Attached is the output when i print the first 10 elements of valid_examples on line 66 (.txt file uploaded as HTML to circumvent upload restriction).

valid_examples.html (6.1 KB)

Hey @lamaeldo ,

The reason it sometimes fails sometimes not is that the split will be different in each run as the examples are being shuffled so it might be that sometimes you end up with examples for all labels and sometimes there will be imbalance.

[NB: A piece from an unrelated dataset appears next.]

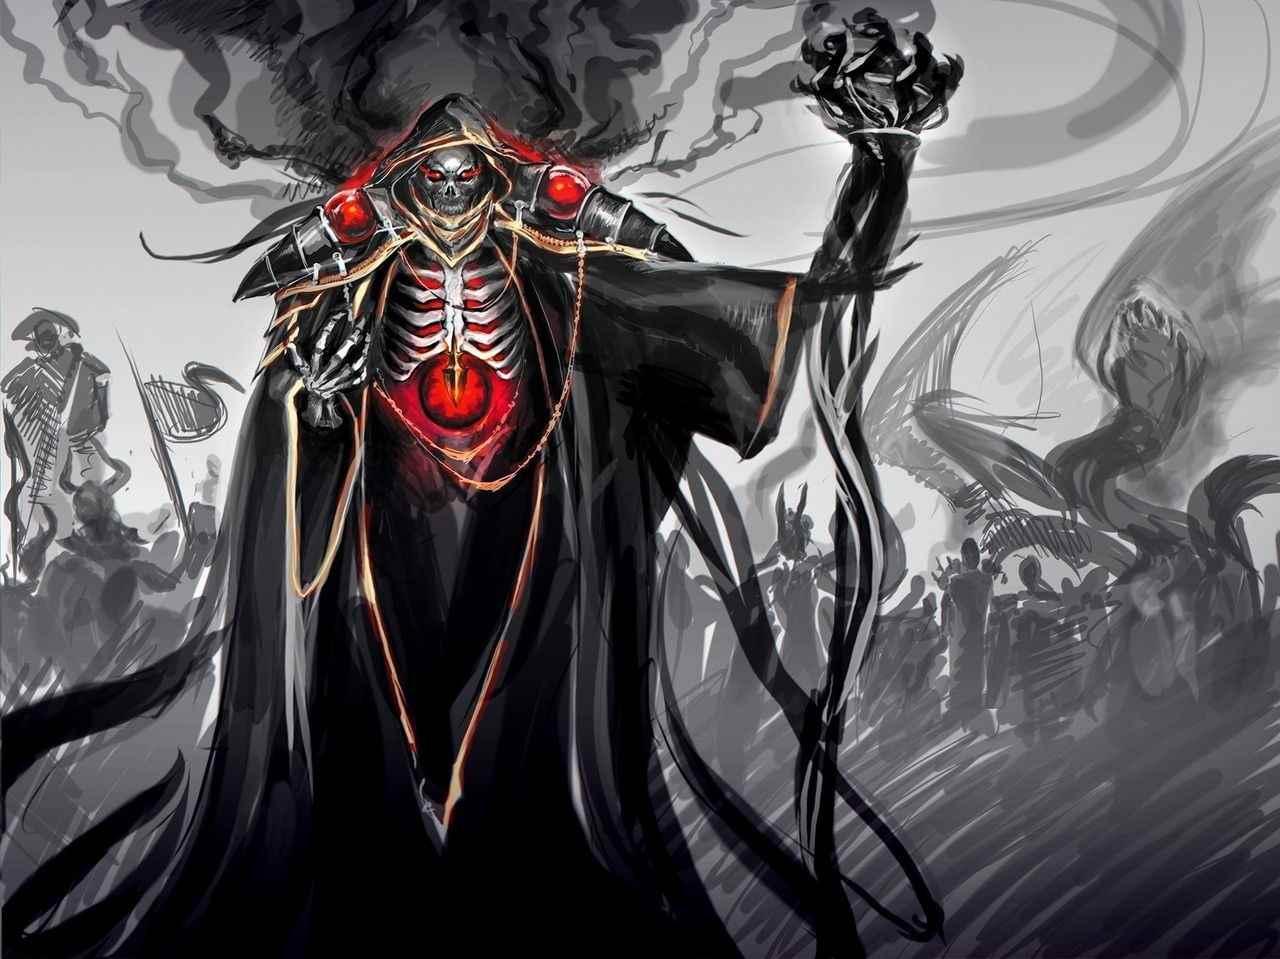 Картинки, арт владыка демонов аниме 13
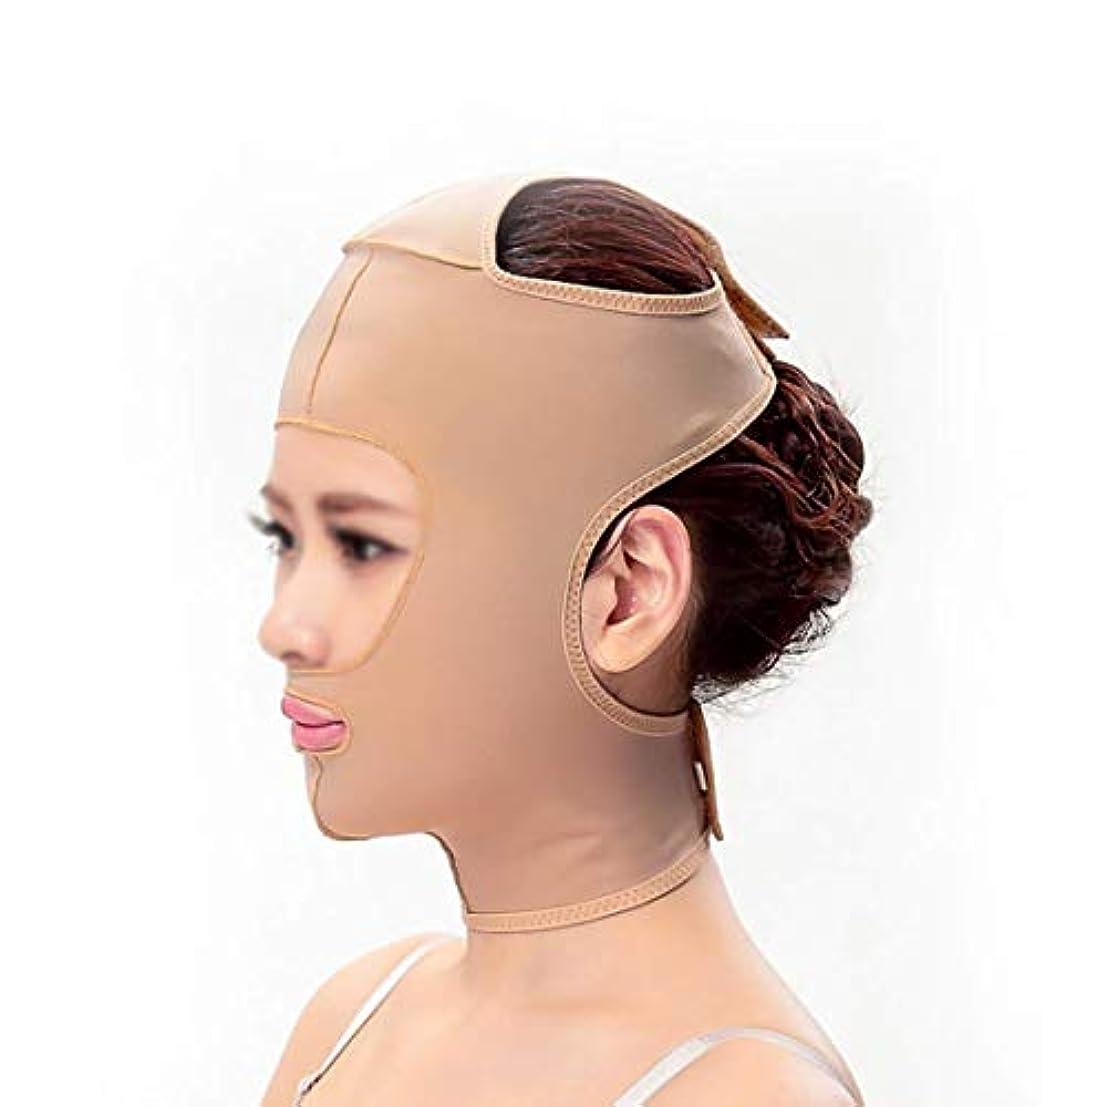 傭兵あいまいランチスリミングベルト、二重あごの引き締め顔面プラスチックフェイスアーティファクト強力なフェイスバンデージをサイズアップするために顔面マスクシンフェイスマスク,XXL

In any case, this means that some of your categories are porobably not represented well enough so I would recommned analysing how many examples of each category there is and upsample the ones that are poorly represented or at least create a dedicated eval set that you know contains all categories and pass it to the training script with :eval prefix (also in the interest of being able to compare different experminents).

On to your new error:
The hf recipe, indeed expects the tokens to be there on every example. Looking at your data, you have mix there of binary NER annotations and manual NER annotations. The binary ones are the ones without tokens.
The way Prodigy saves NER annotations is under spans atrribute so that is not suprprising that it's there. Both NER and spans are stored as spans.
To be able to use your data with the hf recipe, you would have to some preprocessing to add the tokens to the examples that don't have them . Prodigy is a helper for that: the add_tokens function. Just make sure you use the same model that was used to annotate the spans in your dataset.

import spacy
import srsly
from prodigy.components.preprocess import add_tokens
from import get_stream

nlp = spacy.load(
)  # the pipeline used to create the existing NER annotations
stream = get_stream("your_dataset")
stream.apply(add_tokens, nlp=nlp, stream=stream)
retokenized_examples = [eg for eg in stream]
srsly.write_jsonl("my_retokenized.jsonl", retokenized_examples)

The new retokenized dataset ("my_retokenized_dataset.jsonl") should be usable with the hf recipe. Be mindful, though of the the train/eval split I mentioned above.